The data below:

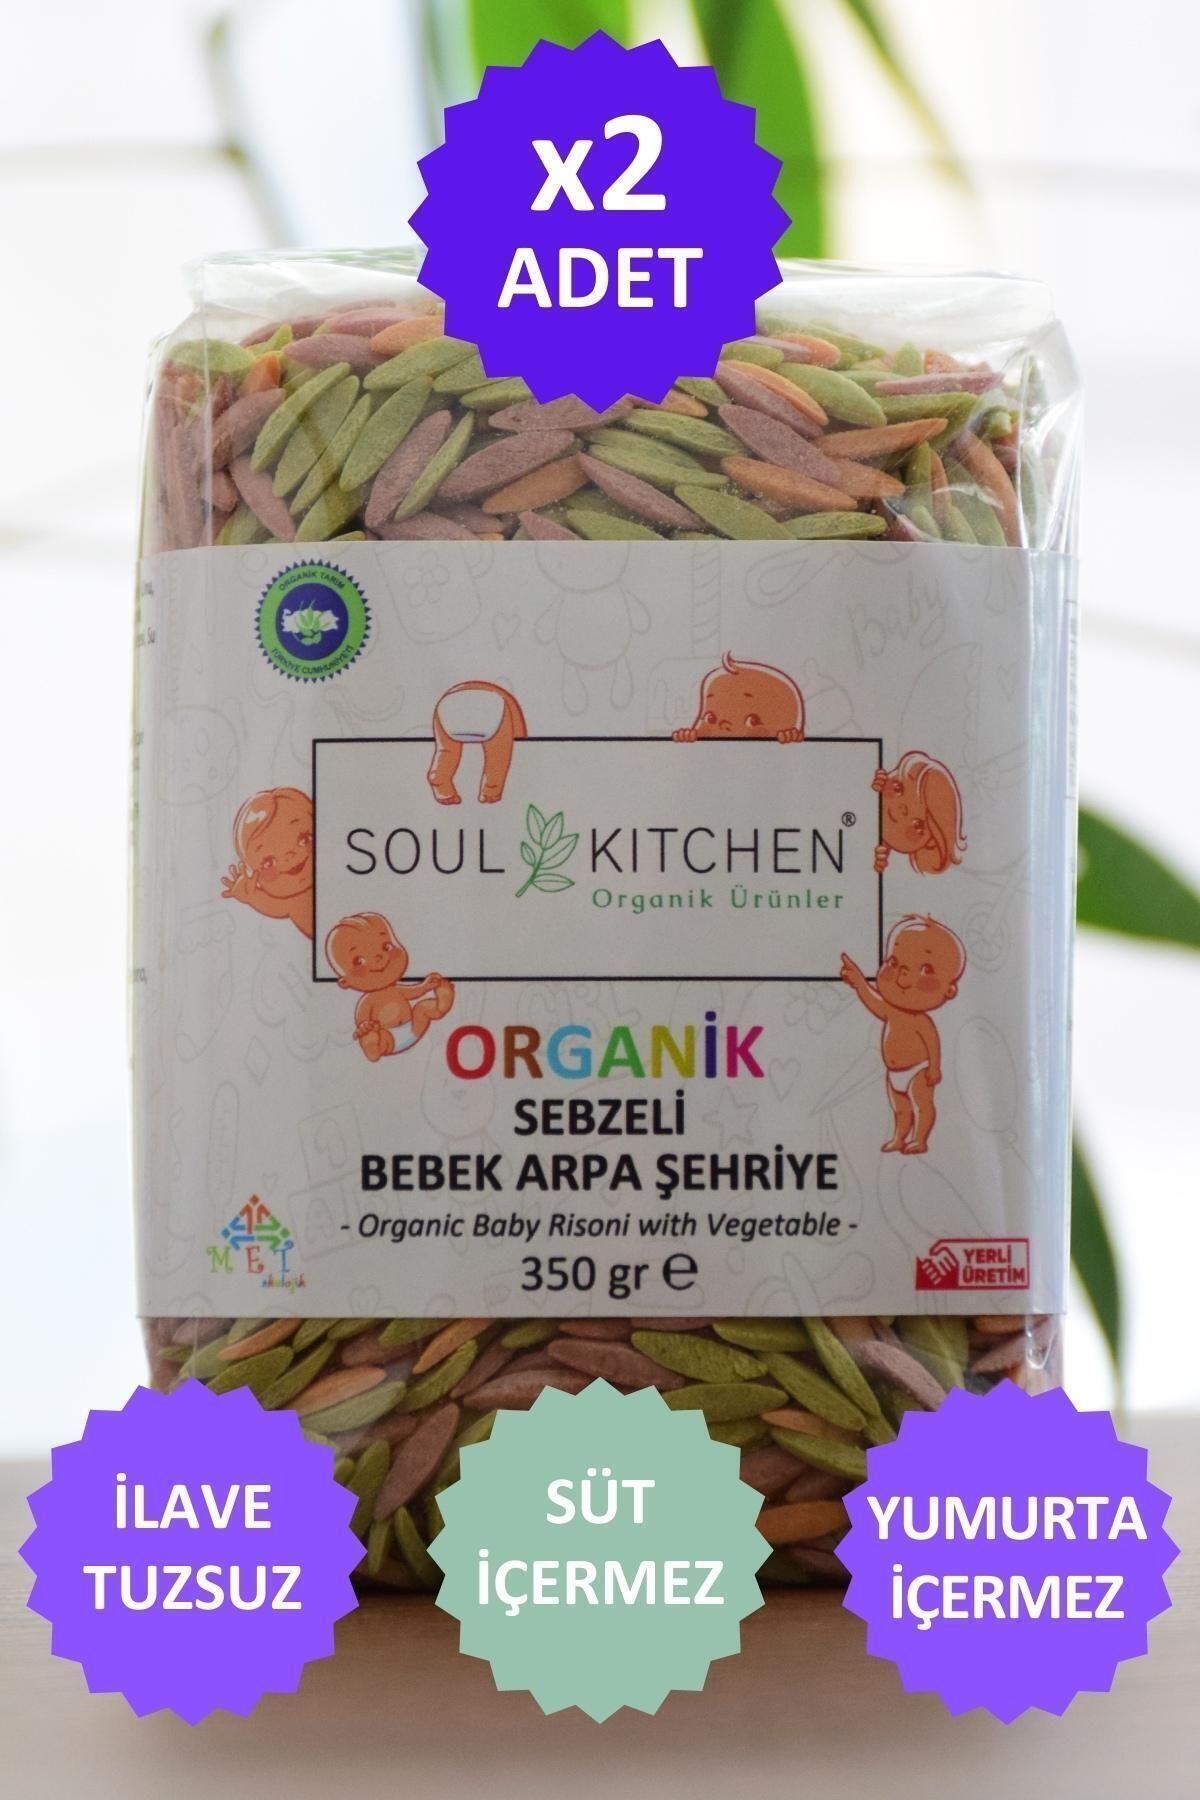 Soul Kitchen Organik Ürünler Organik Sebzeli Bebek Arpa Şehriye 350gr (TUZSUZ) (VEGAN) - 2'li Avantaj Set -
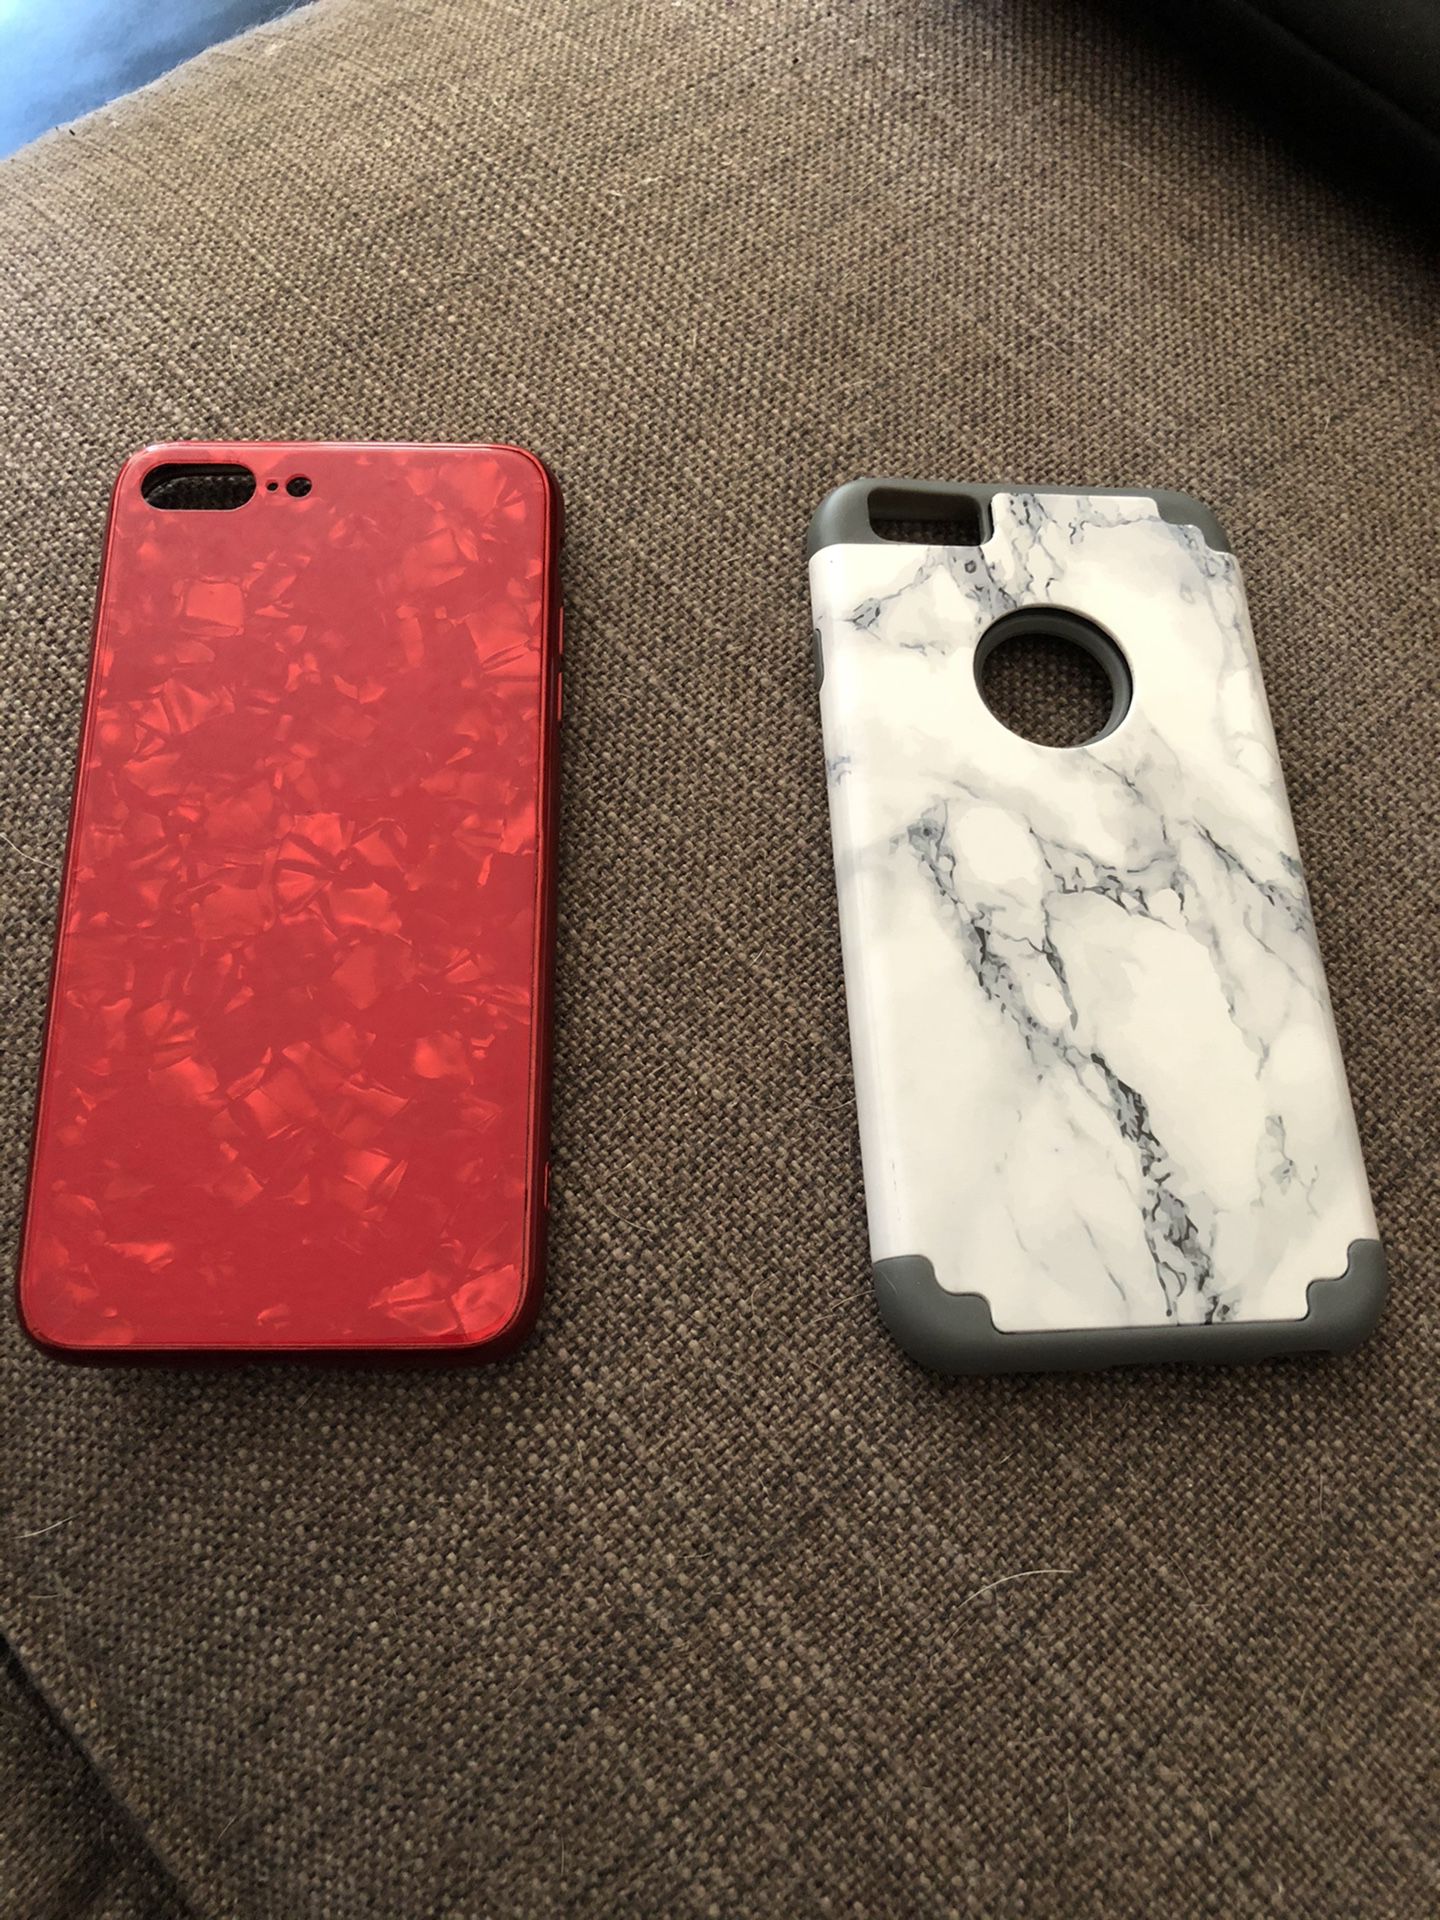 iPhones 7 cases
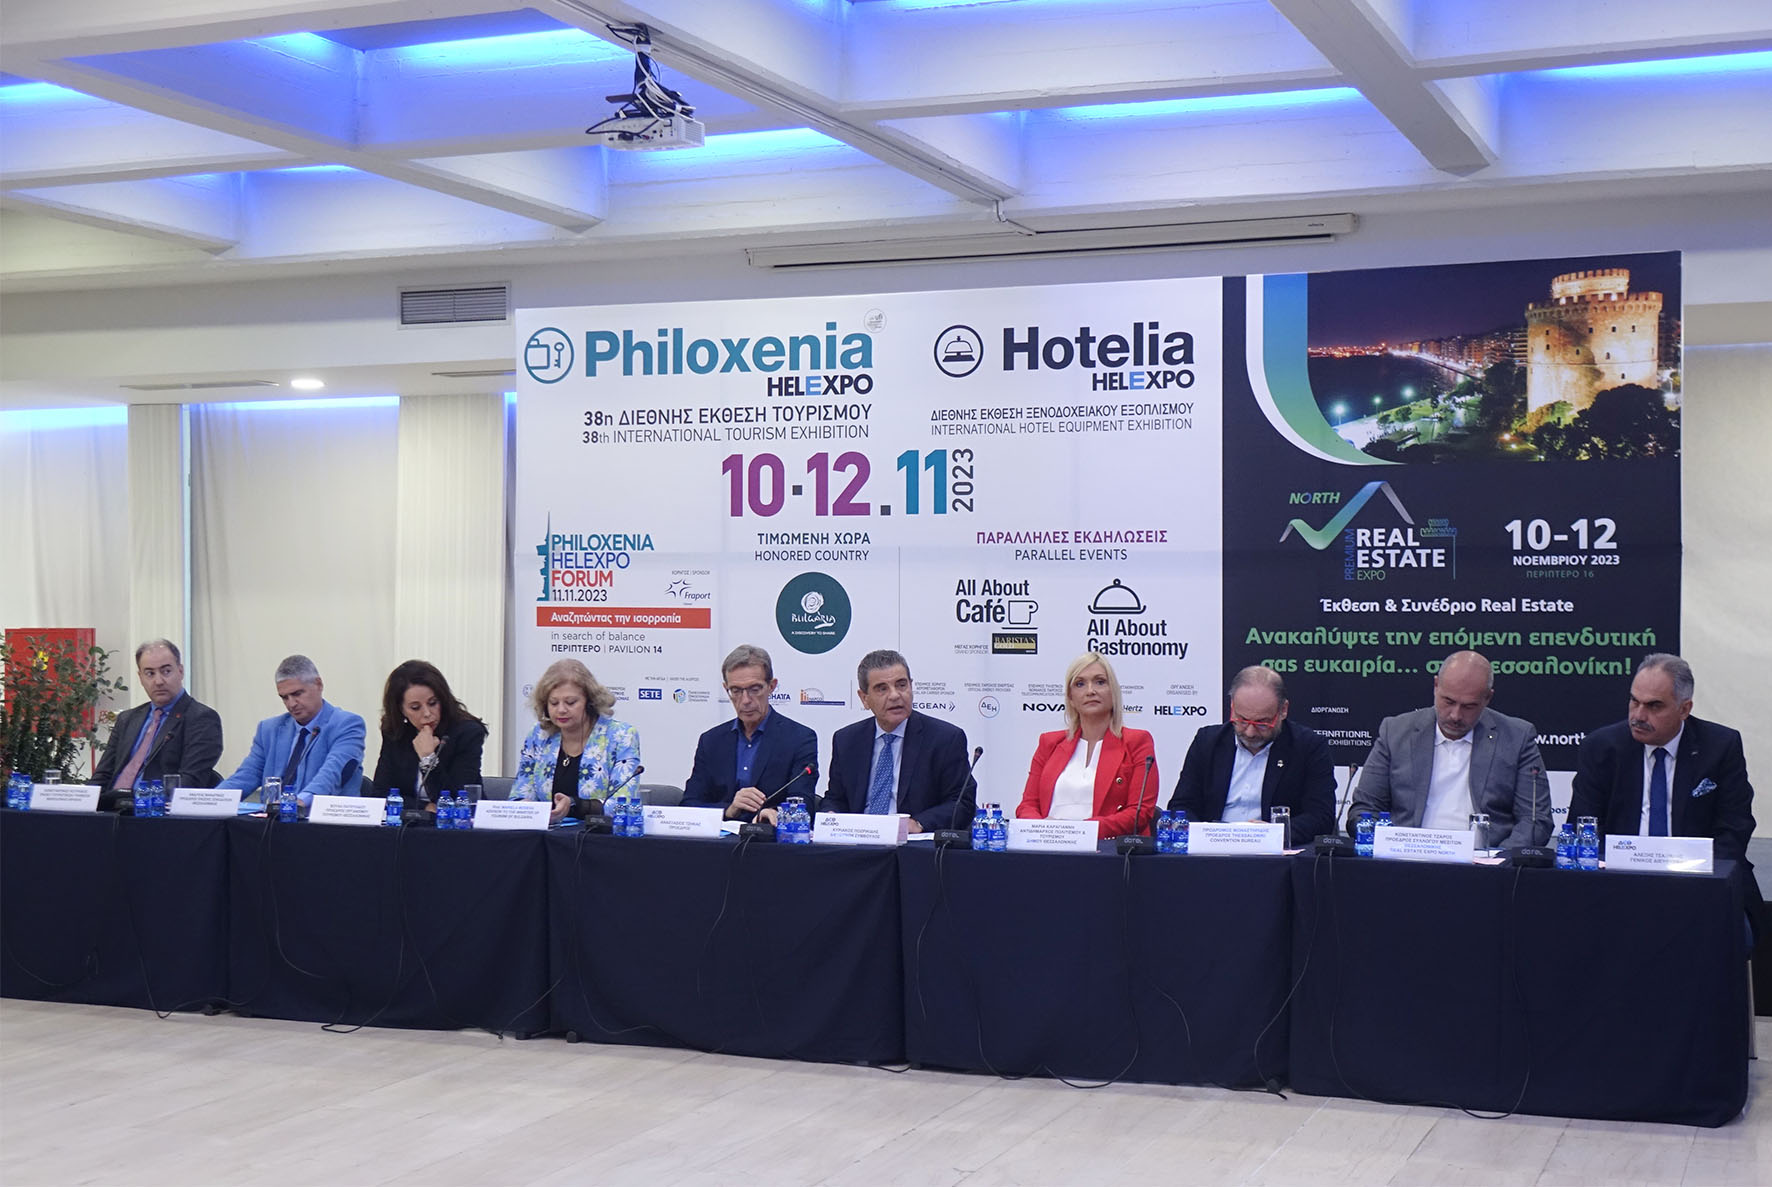 38η Διεθνής Έκθεση Τουρισμού Philoxenia με πάνω από 300 εκθέτες και τιμώμενη χώρα τη Βουλγαρία
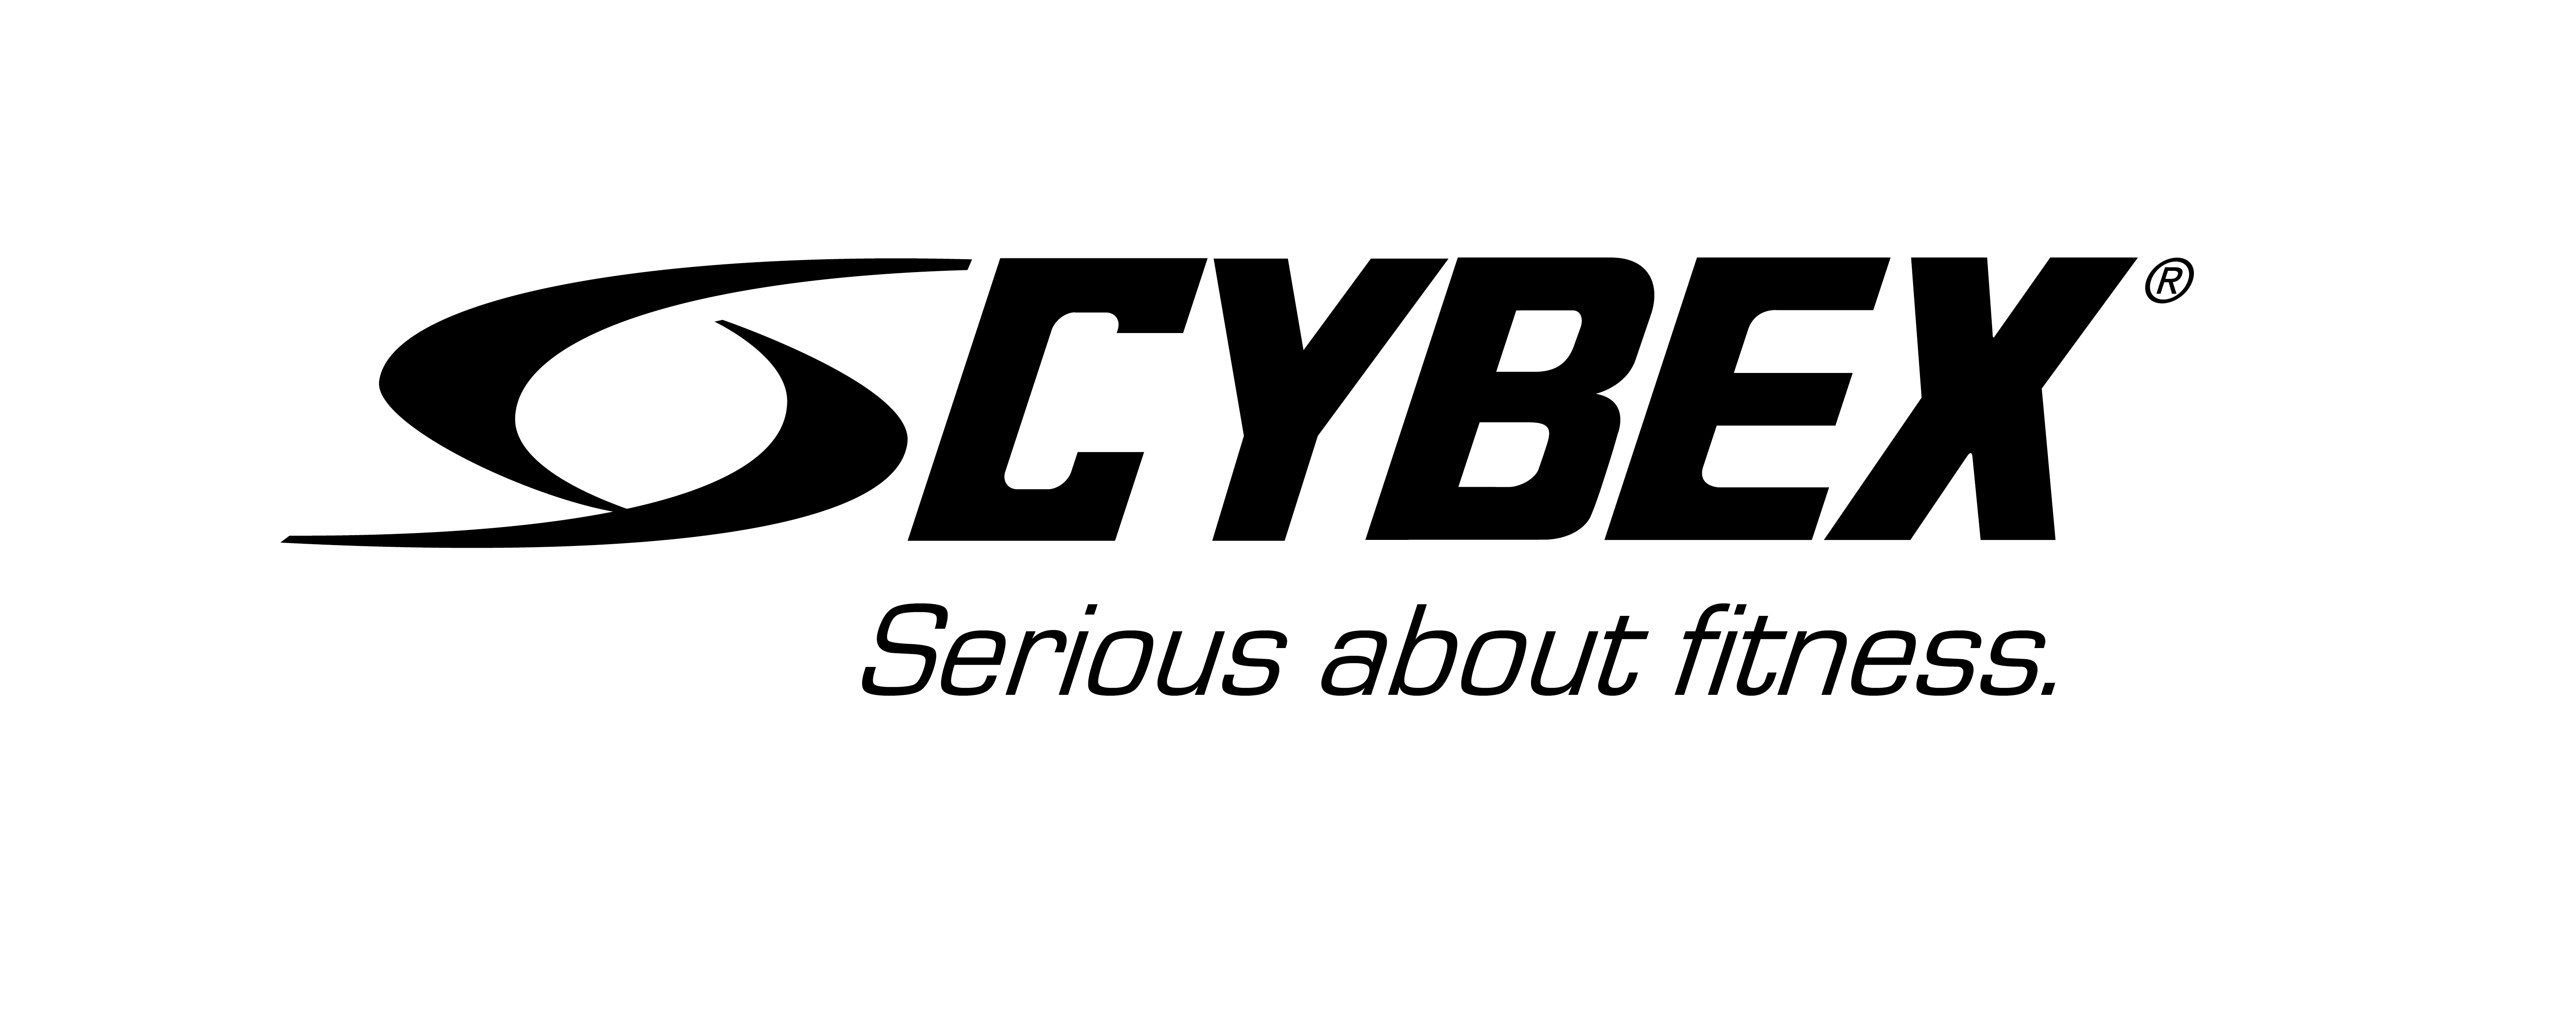 cybex-logo-and-tagline2

End of The data.

### Task prompt
Each line from the one that holds "iPhones 7 cases" through the final line of the data must be retyped exactly; the pictures must not appear.

### Answer box
 iPhones 7 cases
 38η Διεθνής Έκθεση Τουρισμού Philoxenia με πάνω από 300 εκθέτες και τιμώμενη χώρα τη Βουλγαρία
 cybex-logo-and-tagline2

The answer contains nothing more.